[Data extracted from a collection]

──────────

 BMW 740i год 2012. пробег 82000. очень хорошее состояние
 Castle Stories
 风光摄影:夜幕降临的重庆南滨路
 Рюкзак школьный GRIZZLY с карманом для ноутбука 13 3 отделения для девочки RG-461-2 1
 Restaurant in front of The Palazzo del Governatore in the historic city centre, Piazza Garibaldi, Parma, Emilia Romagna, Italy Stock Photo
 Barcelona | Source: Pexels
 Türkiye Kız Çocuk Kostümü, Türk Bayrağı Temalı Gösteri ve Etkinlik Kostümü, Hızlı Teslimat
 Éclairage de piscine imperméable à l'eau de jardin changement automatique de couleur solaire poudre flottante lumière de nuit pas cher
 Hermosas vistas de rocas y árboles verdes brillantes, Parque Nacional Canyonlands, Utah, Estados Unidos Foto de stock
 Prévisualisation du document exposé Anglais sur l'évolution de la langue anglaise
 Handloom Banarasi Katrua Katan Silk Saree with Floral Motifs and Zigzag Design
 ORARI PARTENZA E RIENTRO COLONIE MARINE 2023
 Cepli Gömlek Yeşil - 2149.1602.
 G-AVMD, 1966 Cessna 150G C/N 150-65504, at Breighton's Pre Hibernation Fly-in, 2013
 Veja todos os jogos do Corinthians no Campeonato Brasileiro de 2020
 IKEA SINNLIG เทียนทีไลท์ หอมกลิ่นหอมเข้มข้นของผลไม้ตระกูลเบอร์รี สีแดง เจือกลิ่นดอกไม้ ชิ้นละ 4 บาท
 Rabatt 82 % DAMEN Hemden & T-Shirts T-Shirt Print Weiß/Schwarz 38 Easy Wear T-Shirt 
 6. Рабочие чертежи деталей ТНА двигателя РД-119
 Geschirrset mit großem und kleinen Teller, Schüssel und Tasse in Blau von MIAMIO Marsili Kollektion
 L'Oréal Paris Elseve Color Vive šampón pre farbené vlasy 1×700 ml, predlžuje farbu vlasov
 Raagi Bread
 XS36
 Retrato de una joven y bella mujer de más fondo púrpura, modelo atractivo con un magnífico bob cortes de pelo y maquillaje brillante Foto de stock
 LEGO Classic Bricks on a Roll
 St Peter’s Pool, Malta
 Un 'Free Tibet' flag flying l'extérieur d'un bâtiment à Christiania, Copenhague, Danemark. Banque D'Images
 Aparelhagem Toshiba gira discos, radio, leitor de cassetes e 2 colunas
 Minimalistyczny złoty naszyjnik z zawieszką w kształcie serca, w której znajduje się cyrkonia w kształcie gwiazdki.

──────────

**Requirement:** Print only the lines from the top of the data above down to the line holding "6. Рабочие чертежи", inclusive.

**Solution:**
 BMW 740i год 2012. пробег 82000. очень хорошее состояние
 Castle Stories
 风光摄影:夜幕降临的重庆南滨路
 Рюкзак школьный GRIZZLY с карманом для ноутбука 13 3 отделения для девочки RG-461-2 1
 Restaurant in front of The Palazzo del Governatore in the historic city centre, Piazza Garibaldi, Parma, Emilia Romagna, Italy Stock Photo
 Barcelona | Source: Pexels
 Türkiye Kız Çocuk Kostümü, Türk Bayrağı Temalı Gösteri ve Etkinlik Kostümü, Hızlı Teslimat
 Éclairage de piscine imperméable à l'eau de jardin changement automatique de couleur solaire poudre flottante lumière de nuit pas cher
 Hermosas vistas de rocas y árboles verdes brillantes, Parque Nacional Canyonlands, Utah, Estados Unidos Foto de stock
 Prévisualisation du document exposé Anglais sur l'évolution de la langue anglaise
 Handloom Banarasi Katrua Katan Silk Saree with Floral Motifs and Zigzag Design
 ORARI PARTENZA E RIENTRO COLONIE MARINE 2023
 Cepli Gömlek Yeşil - 2149.1602.
 G-AVMD, 1966 Cessna 150G C/N 150-65504, at Breighton's Pre Hibernation Fly-in, 2013
 Veja todos os jogos do Corinthians no Campeonato Brasileiro de 2020
 IKEA SINNLIG เทียนทีไลท์ หอมกลิ่นหอมเข้มข้นของผลไม้ตระกูลเบอร์รี สีแดง เจือกลิ่นดอกไม้ ชิ้นละ 4 บาท
 Rabatt 82 % DAMEN Hemden & T-Shirts T-Shirt Print Weiß/Schwarz 38 Easy Wear T-Shirt 
 6. Рабочие чертежи деталей ТНА двигателя РД-119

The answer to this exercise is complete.